Rounding is necessary whenever the resolution of a variable is coarser than the resolution of a value to be placed in that variable.

Current Status

The numeric_limits field round_style provides information on the style of rounding employed by a type.

namespace std {
  enum float_round_style {
    round_indeterminate = -1, // indeterminable
    round_toward_zero = 0, // toward zero
    round_to_nearest = 1, // to the nearest representable value
    round_toward_infinity = 2, // toward [positive] infinity
    round_toward_neg_infinity = 3 // toward negative infinity
  };
}

This specification is incomplete in that it fails to specify what happens when the value is equally far from the two nearest representable values.

The standard also says "Specializations for integer types shall return round_toward_zero." This requirement is somewhat misleading as a right-shift operation on a two's complement representation does not round toward zero.

Headers <cfenv> and <fenv.h> provide functions for setting and getting the floating-point rounding mode, fesetround and fegetround, respectively. The mode is specified via a macro constant:

Constant Explanation
FE_DOWNWARD rounding towards negative infinity
FE_TONEAREST rounding towards nearest integer
FE_TOWARDZERO rounding towards zero
FE_UPWARD rounding towards positive infinity

Again, the specification is incomplete with respect to FE_TONEAREST

Base Requirements

The base requirements on a round function are:

Modes

The number of rounding modes is perhaps unlimited. However, we can explore the space of reasonably efficient rounding modes with two notions, its direction and its domain.

There are six precisely-defined rounding directions and at least three additional practical directions. They are:

towards negative infinity towards positive infinity
towards zero away from zero
towards even towards odd
fastest execution time smallest generated code
whatever, I'm not picky

Of these directions, only towards even and towards odd are unbiased.

Rounding towards odd has two desirable properties. First, the direction will not induce a carry out of the units position. This property avoids overflow and increased representation size. Second, because most operations tend to preserve zeros in the lowest bit, the towards-even direction carries less information than towards-odd. This effect increases as the number of bits decreases. However, rounding towards even produces numbers that are "nicer" than those produced by rounding towards odd.

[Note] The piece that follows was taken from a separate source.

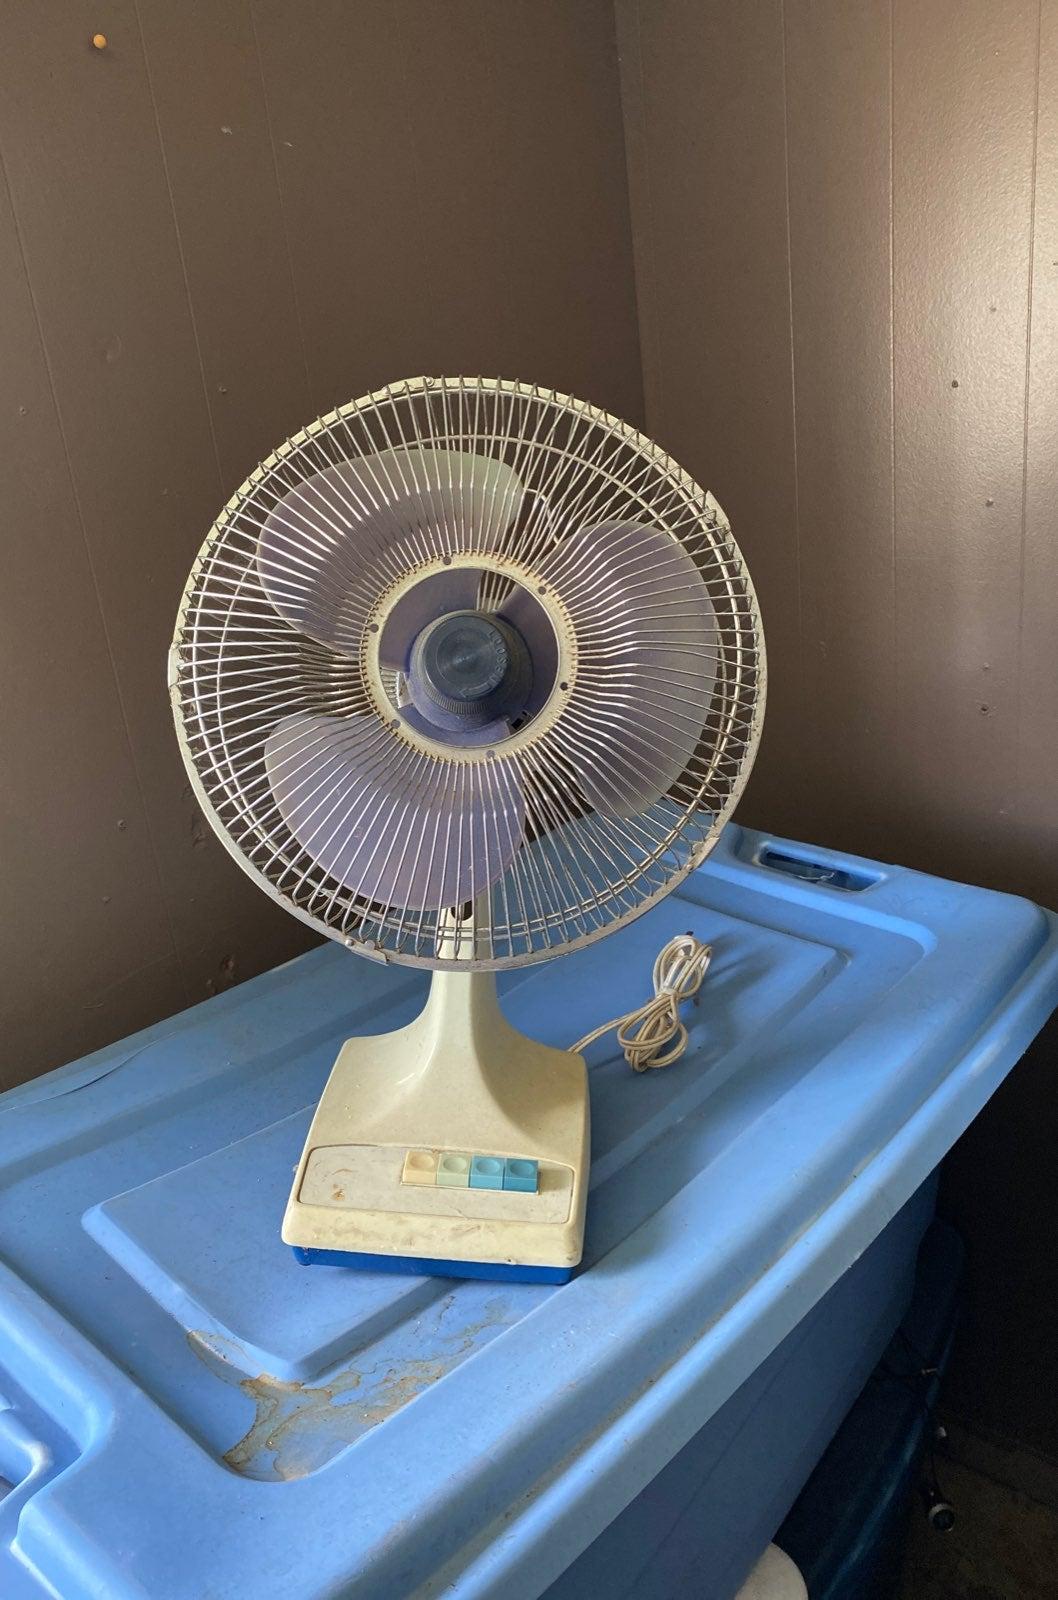 Vintage Oscillating Desk Tap fan 3 speed

For example, you are more likely to get 10 than 9.9999999 with rounding towards even.

There are at least two direction domains:

Several of the precise rounding modes are in current use.

directiondomain
alltie
towards negative infinity interval arithmetic lower bound
two's complement right shift
towards positive infinity interval arithmetic upper bound
towards zero C/C++ integer division
signed-magnitude right shift
away from zero schoolbook rounding
the <cmath> round functions
towards nearest even IEEE floating-point default
towards nearest odd some accounting rules

We represent the mode in C++ as an enumeration:

enum class rounding {
  all_to_neg_inf, all_to_pos_inf,
  all_to_zero, all_away_zero,
  all_to_even, all_to_odd,
  all_fastest, all_smallest,
  all_unspecified,
  tie_to_neg_inf, tie_to_pos_inf,
  tie_to_zero, tie_away_zero,
  tie_to_even, tie_to_odd,
  tie_fastest, tie_smallest,
  tie_unspecified
};

Some of these modes may not be needed.

Functions

Within the definition of the following functions, we use a defining function, which we do not expect will be directly represented in C++. It is T round(mode,U) where U either

We already have rounding functions for converting floating-point numbers to integers. However, the facility extends to different sizes of floating-point and between other numeric types.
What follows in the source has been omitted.